8 Ways To Save Pollinators and Improve Your Garden

Spring is here, and with the warming weather and green blooms comes the constant reminder of ecological collapse at the hands of the ignorant, entitled and just plain selfish. Fortunately, there’s a lot you can do in your own spaces to offset their damage until glorious revolution, and in the meantime every pollinator you foster will be vital to carrying on its role and preserving its species. A diversity of tactics is needed to obliterate the agents of ecological collapse, but here are 8 things you can do in your own spaces to be an amazing ecological steward:

Think Ecologically

Gardens are about a lot more than just birds and bees!

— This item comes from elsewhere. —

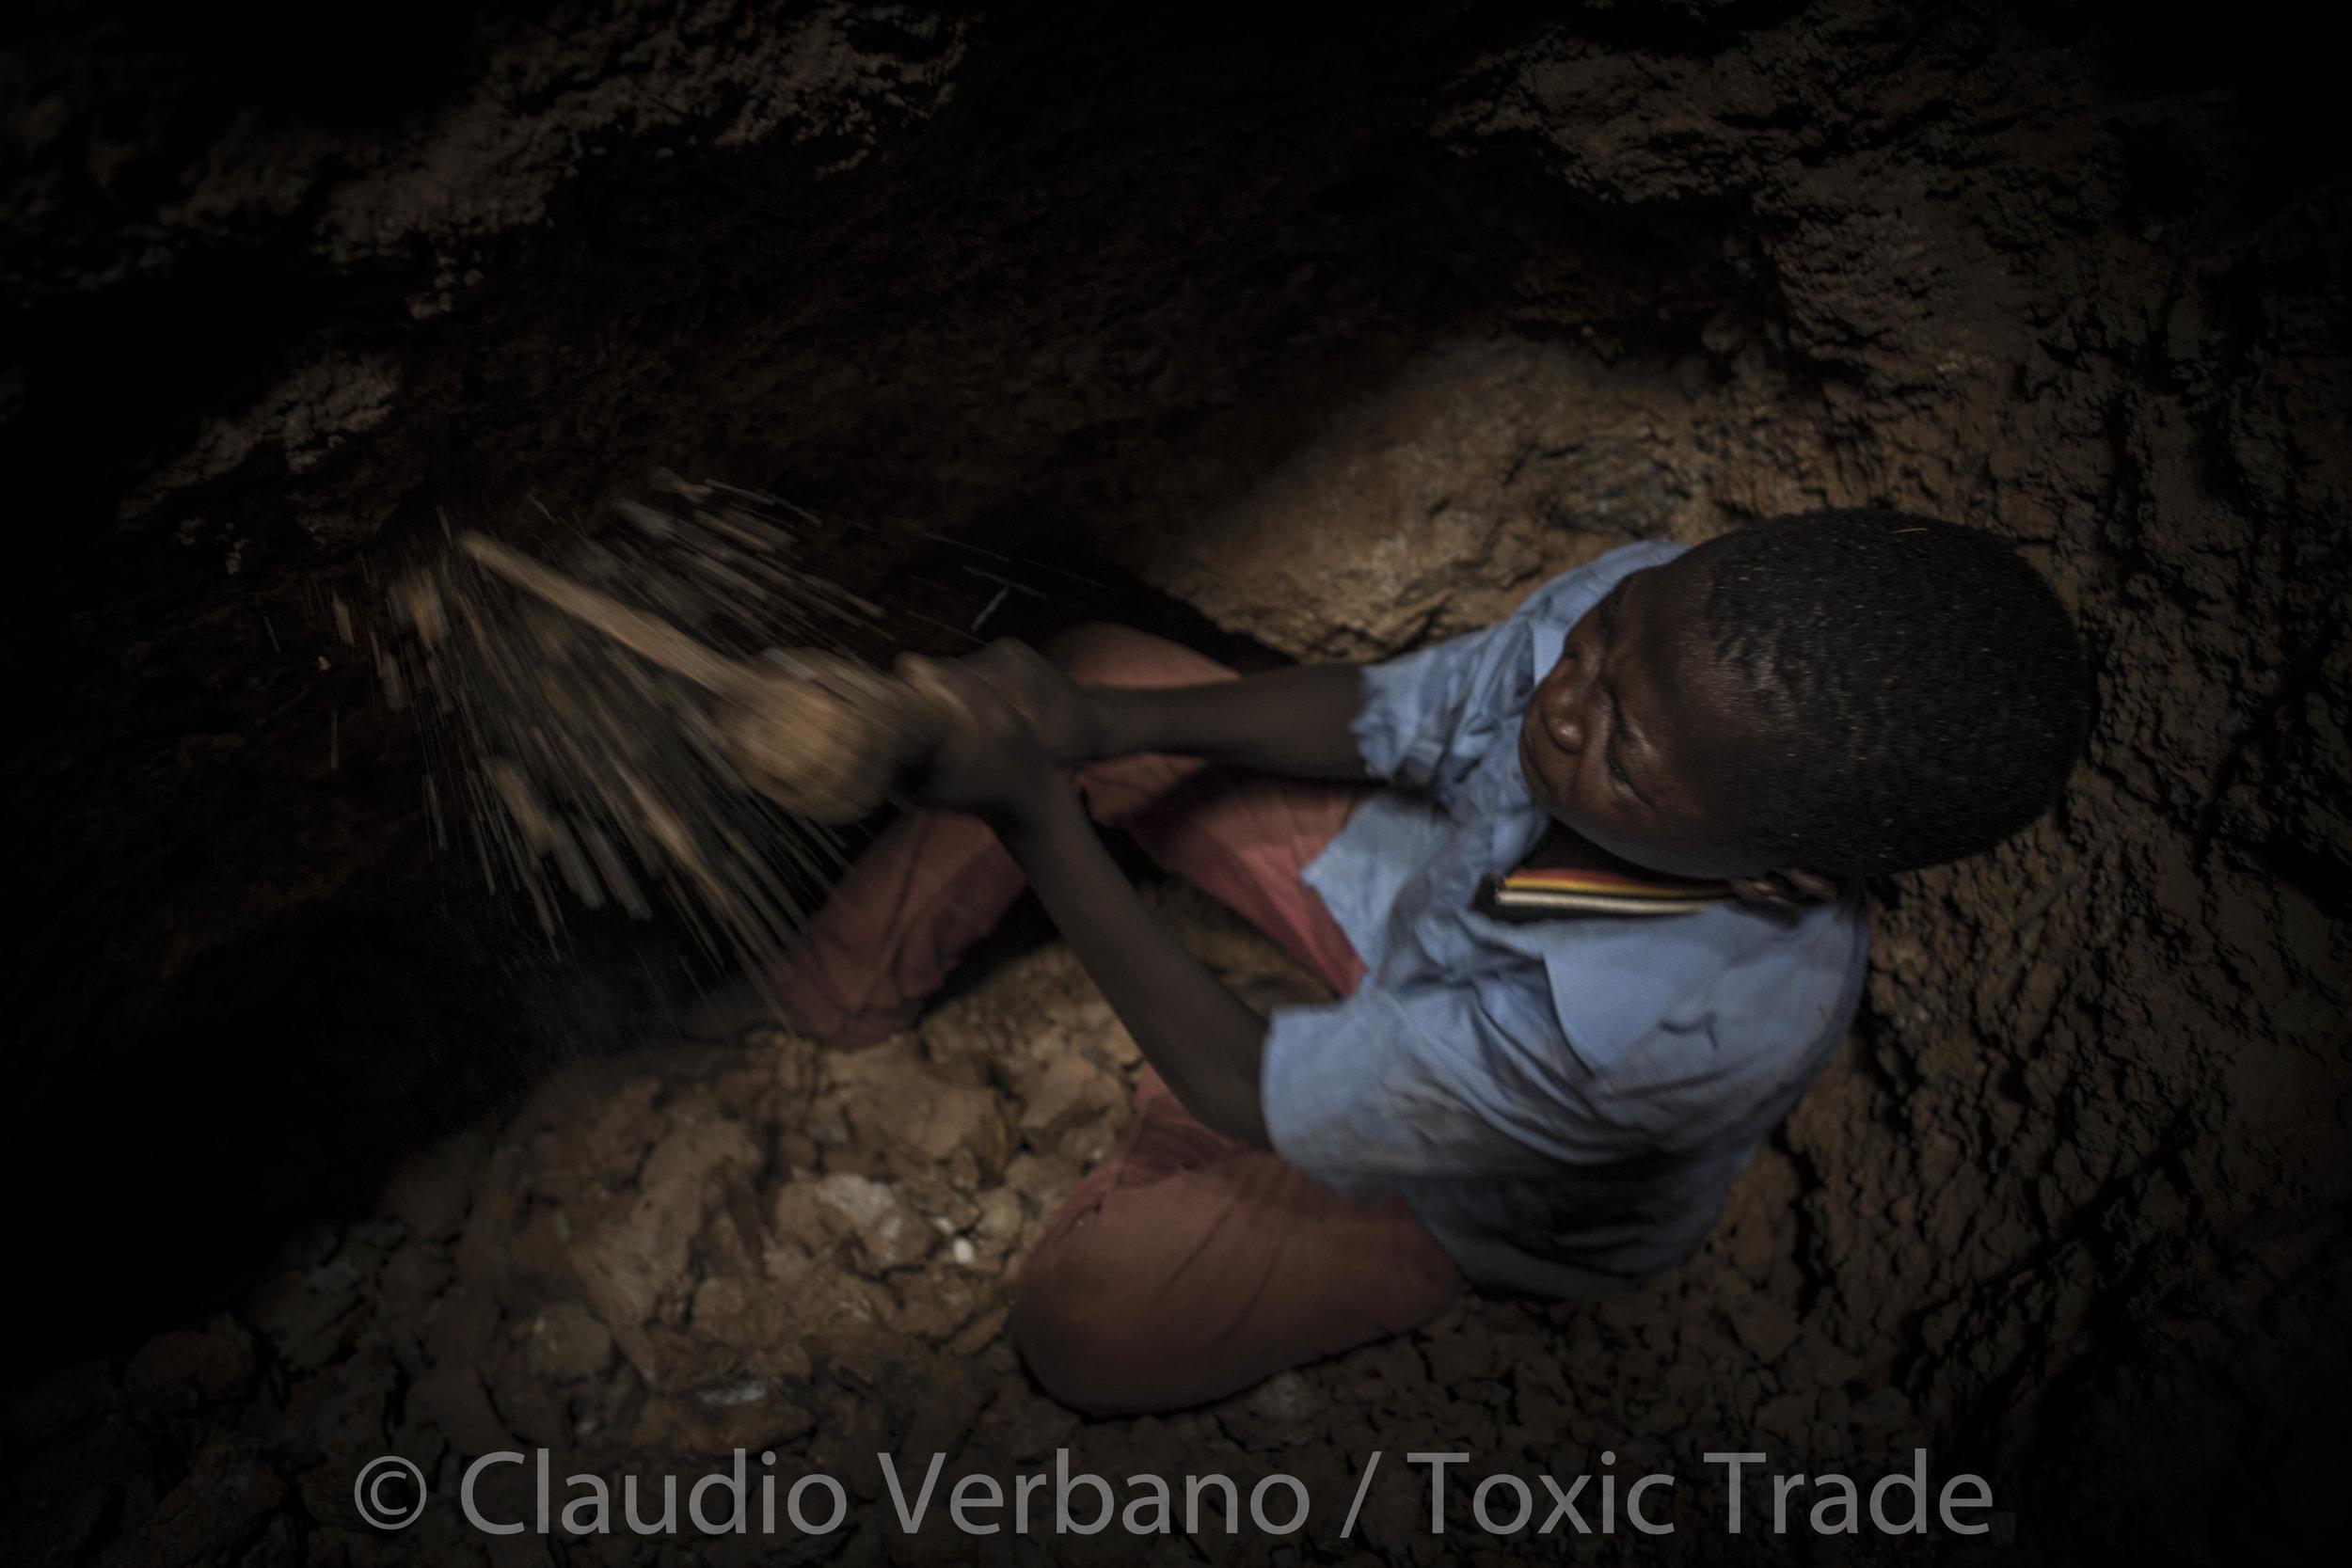 ClaudioVerbano_ToxicTrade_web_02.jpg

They’re vibrant, living biomes with thousands of different kinds of creatures needed for their health and perpetuity. The healthier a garden is, the less human intervention it requires, and the more time you have to lounge among the blooms and pen feverish anticapitalist poetry. Consider all pollinators, not just honeybees! Birds, bats, moths, flies, beetles, and yes, even wasps! They all have needs, and the more of them you can attract, the more biodiverse and healthy your garden is going to be!

Plant Natives

It might be tempting to host a rare, unusual, or just aesthetically pleasing invasive plant, but invasive species have a bad habit of getting out of hand, choking out native plants that aren’t adapted to compete with it, and worse, offer little ecologically to the creatures that haven’t adapted to use it. There are beautiful, useful, and appropriate native plants wherever you might live, you just might not know about them because while there’s big money in shucking invasives, natives rarely get that kind of gas. Fortunately there are a lot of resources and tools out there to help you find native plants like the National Wildlife Federation’s Native Plant Finder. Your local greenhouses should then be able to help you find what you’re looking for.

Create Nesting

The first thing that comes to mind is probably those pricey, hand-crafted looking bee hotels. These can be more harmful than helpful, unfortunately, and people stan them very hard because they like how they look, like cheap, easy ways to think they’re helping and because you generally can’t tell anyone anything they don’t want to hear. When I say “create” nesting, what I really mean is leaving perfectly good nesting alone. Solitary bees create nests in hollow reeds or twigs, holes in wood, or, most commonly, in tunnels in the ground. So, you know, leave those alone. Leave your reedy stems poking up and plant around them. Relocate sticks to garden beds. Let leaf litter decompose naturally (that’s great compost you’re raking away, and nesting for all kinds of beneficial critters). Think less Better Homes & Gardens, and more Better Relationship With The Natural World.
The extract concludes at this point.